You don't need to, and shouldn't aim to fit the whole model + context in VRAM. The obsession with token generation speed, is very misguided. The only things that matter is how fast you can actually completes tasks and how much you had to intervene.

Even if you don't have enough VRAM, use system RAM to offload.
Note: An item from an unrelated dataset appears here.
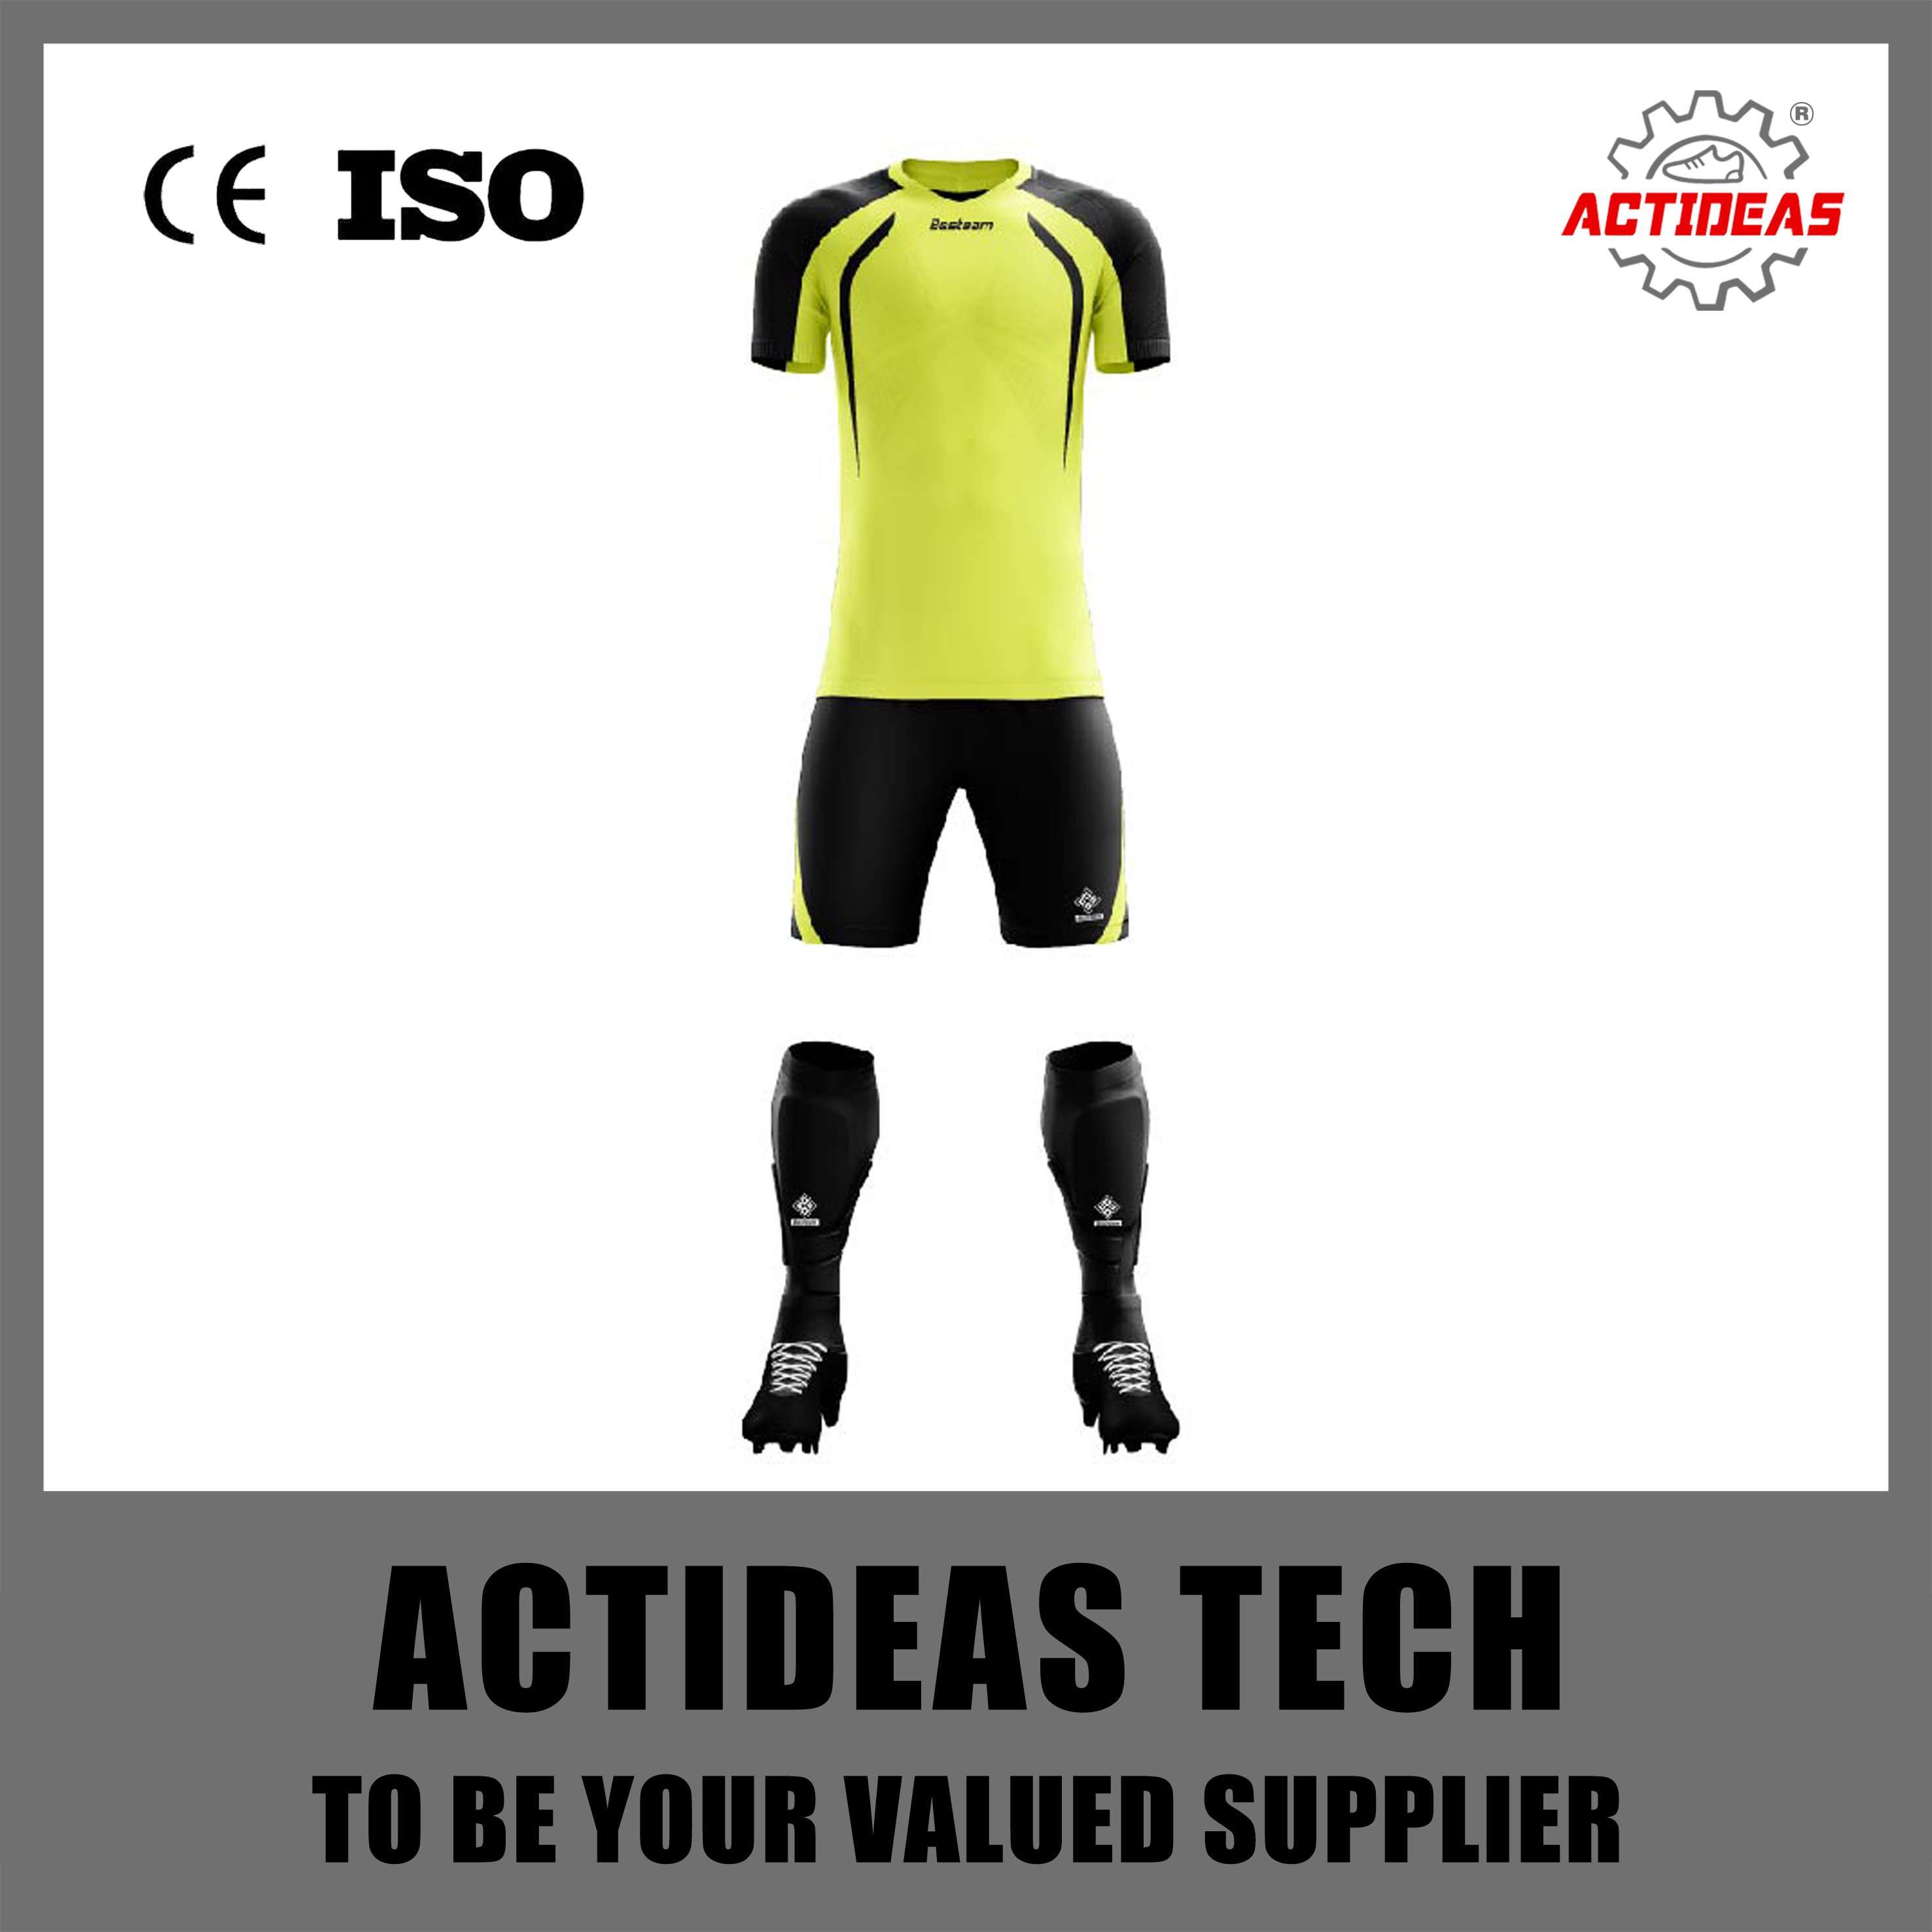 Fully Sublimation Custom Design Soccer Jerseys Football Kit Soccer Wear

Those are 3-4B active parameter models, they'll still be plenty fast running Q8 with all the FFN layers on CPU.

You'll get a lot more done at 1/3rd the speed but with less interventions and less corrections than at full speed but having to constantly correct the model or fix by hand the mistakes it makes.

[-]

redditorialy_retard@reddit

Exactly reason why im upgrading my ram even though it cost a shit ton

[-]

vulcan4d@reddit

We need more of these and different quant testing to validate the information that we are basically sold to. Everything on paper looks good but everyone seems focussed on testing extremely large models that many simply just dream of running.

[-]

redditorialy_retard@reddit

And most people run models at around Q4-5 as those are the ones that fit inside the GPU

[-]

jacek2023@reddit

Usually youtubers talking about LLMs are shit but this looks good, thanks for sharing.

[-]

ps5cfw@reddit

QWEN 3.6 really is the first time I can really work 100% locally without needing any cloud AI model, so I'm not too surprised.

[-]

FastHotEmu@reddit

not reverse engineer, just recall

[-]

Express_Quail_1493@reddit

i love this guys videos. he does real test on projects the LLM would stumble on to intentially feel out the models without relying heavily on benchmarks. Most youtubers are lazy zero-shot single file HTML edits which doesn't say much since pretty much all models can do that LOL

[-]

pmttyji@reddit

Can you share other youtube channels(on LLM stuff) you're watching? Thanks

[-]

nikhilprasanth@reddit

Intresting to see that the lm studio quants are performing better than unsloth ones across the three models.